All of the New Zealand arm's administration and treasury support services were provided by the Australian head office. So, when the Australian business went into administration, Halifax NZ could not operate separately.
The initial administrators' report found that while investors' money was held in trust, there was a shortfall of A$19.7m - about 9 per cent of clients' equity positions.
That has now grown to A$44.6m or about 16 per cent of client equity positions as of February 28 this year.
Liquidators KPMG took the case through a joint court process in Australia and New Zealand, in a first-ever cross-country hearing, for a ruling on how to distribute the money.
The case was heard in December with the judgment reserved.
The Herald understands the judgment will be released next Wednesday.

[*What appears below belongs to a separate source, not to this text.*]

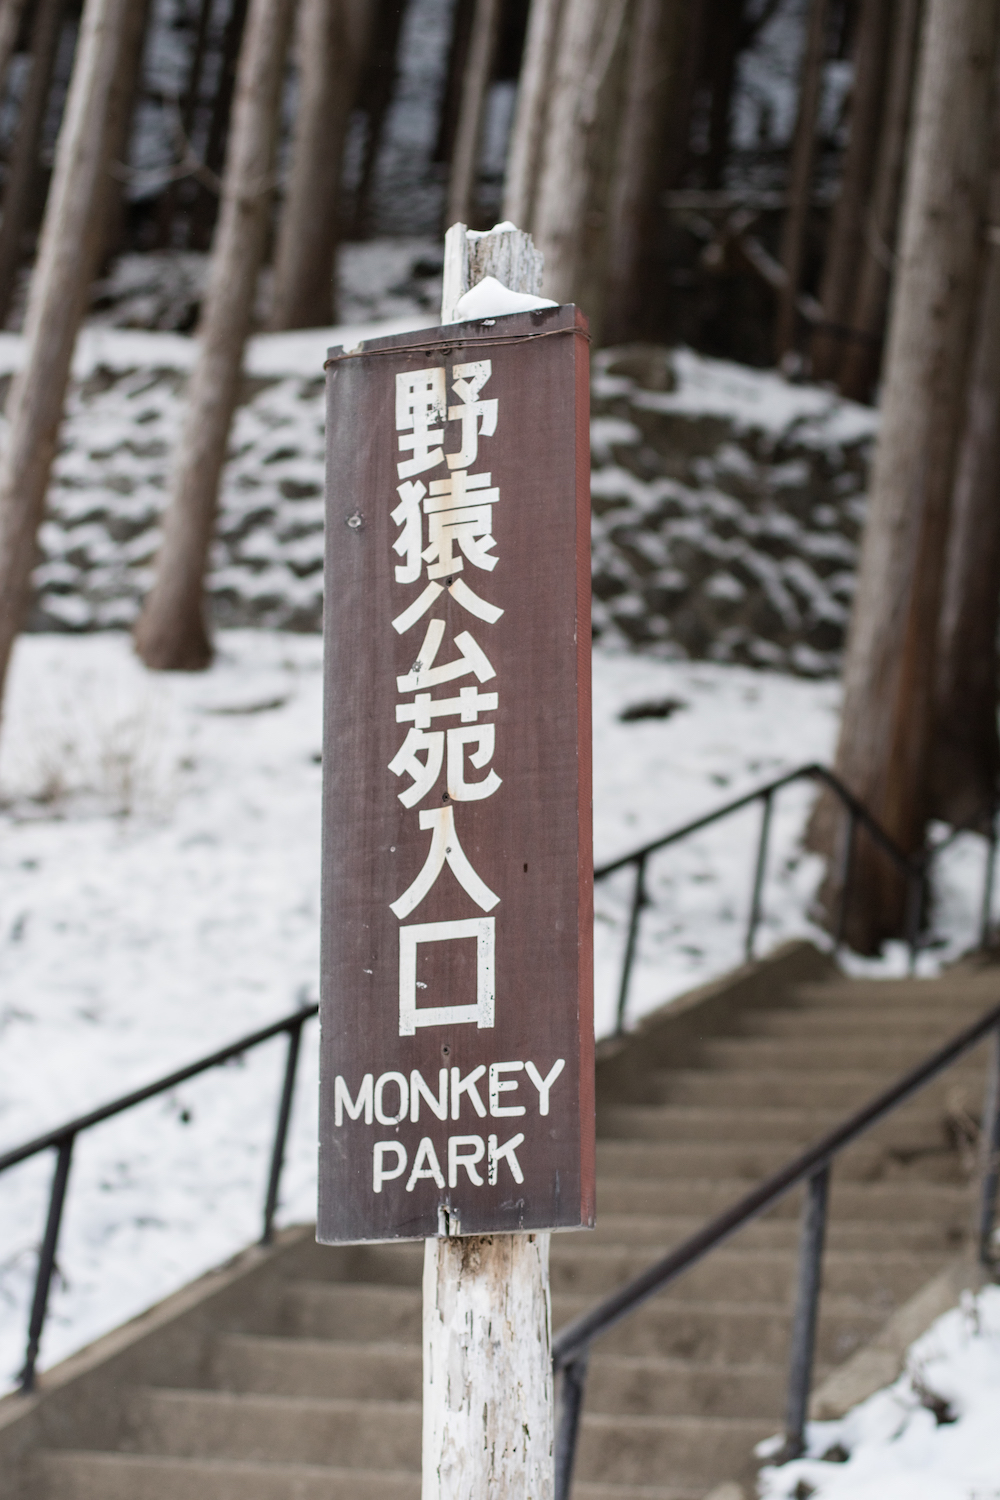 monkey-park
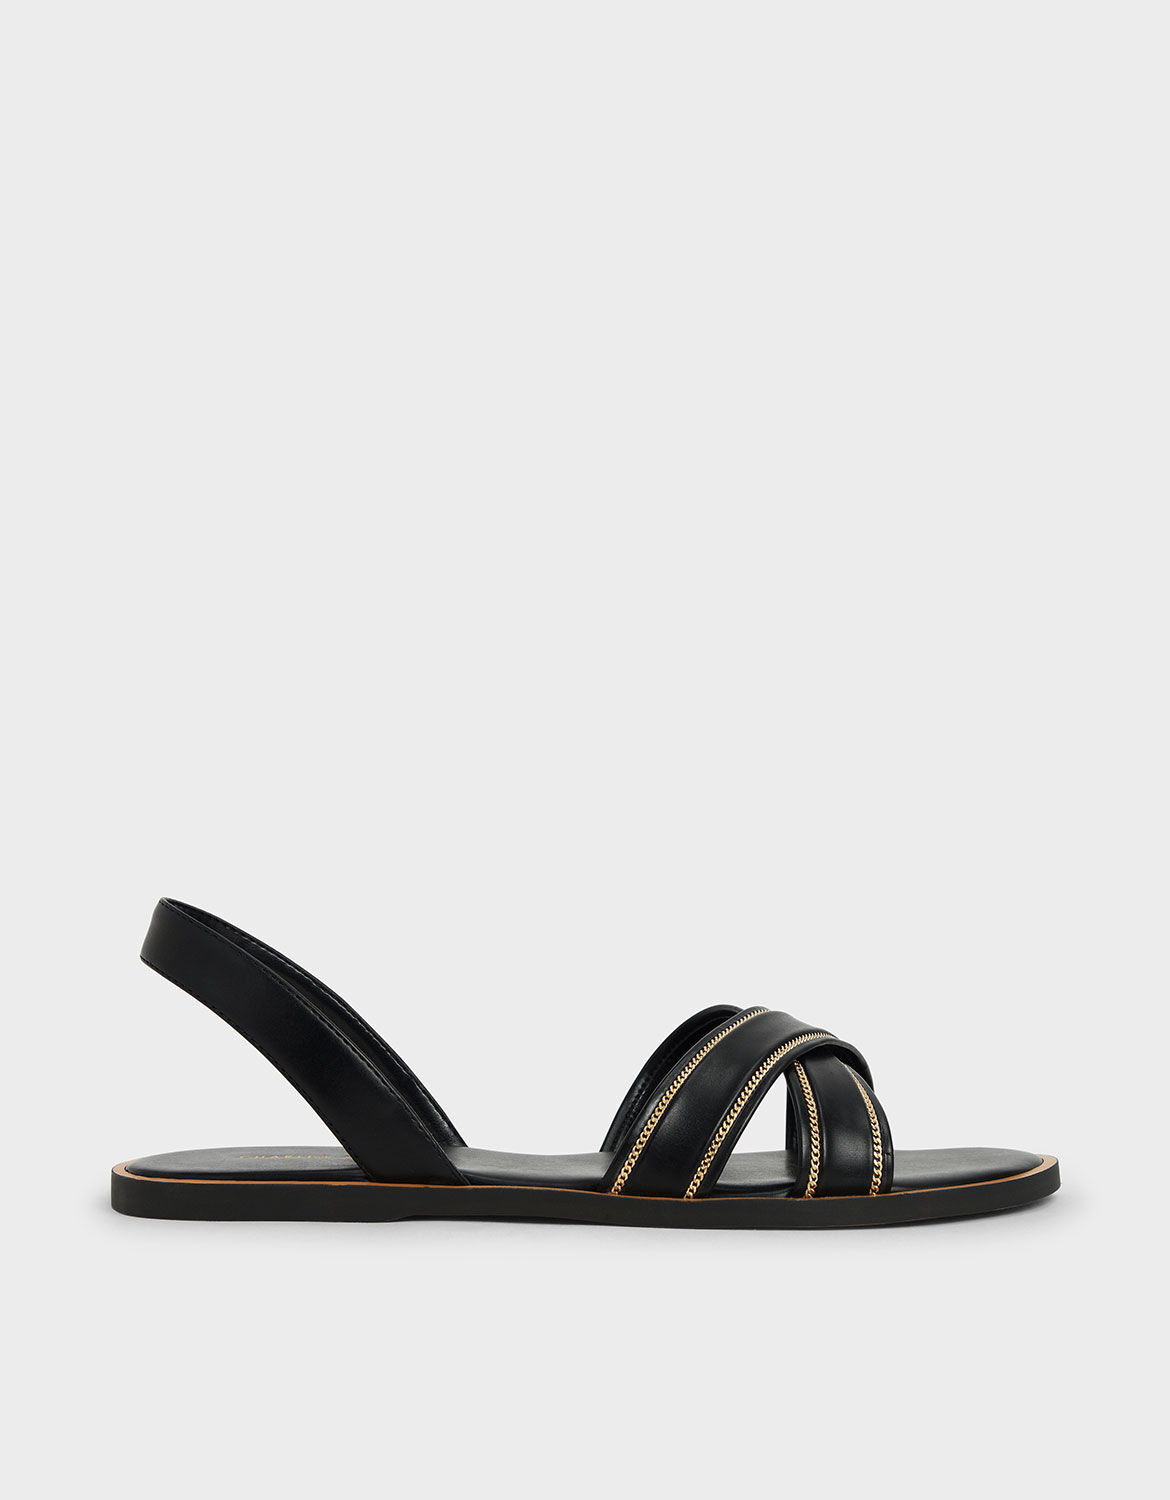 black embellished sandals

The liquidators' fifth report released last month shows Halifax New Zealand had cash and other assets to the value of NZ$62.1m and A$58.2m held on trust for the benefit of investors which are subject to the client money court proceedings.
The company also owes preferential creditors $116,360 and unsecured creditors $10,968 although this includes the around 2100 contingent (investor) creditors of the company for the value of $1.
Legal action
The liquidators are still investigating the conduct of the company's director, former directors and various third party advisers to determine if there are any potential recoveries available.
But they say they are also weighing up the costs and benefits of doing that with the prospects of success and the financial ability of defendants to meet claims.
The sole remaining director is Andrew Gibbs, who was also New Zealand managing director, and through his trust the owner of 30 per cent of the New Zealand business.
Former directors include Christopher Weir, Jeffrey Worboys and Veronica Aris, who all resigned on November 25, 2018 - two days before the administrator was appointed in this country.
New Zealand's market regulator the Financial Markets Authority began an investigation into the company in February last year.
An FMA spokesman said the investigation into Halifax was ongoing.
"We don't comment on live investigations. We are mindful of the other processes under way in relation to Halifax and any findings that may result from them, including the joint Australia-New Zealand court case, the Australia-New Zealand liquidation process, and Asic's ongoing investigation. We continue to receive updates from the liquidators of Halifax."
He said while the FMA endeavoured to run an efficient and timely investigation process, it must be thorough.
In Asic's last update it said it continued to receive regular updates from the liquidators during the liquidation process.
"Asic will consider further the circumstances surrounding the voluntary administration and liquidation of Halifax, as well as the allegations of misconduct raised by the administrators (including in their report to creditors under s439A of the Corporations Act), particularly those concerning compliance with laws on conduct and client money.
"Under the law, including the Corporations Act, licensees must keep client money separate from their own. This is an important safeguard to protect the interests of retail investors.
"Asic takes matters concerning the protection of client money particularly seriously. Asic notes that breaches of the client money provisions attract criminal penalties."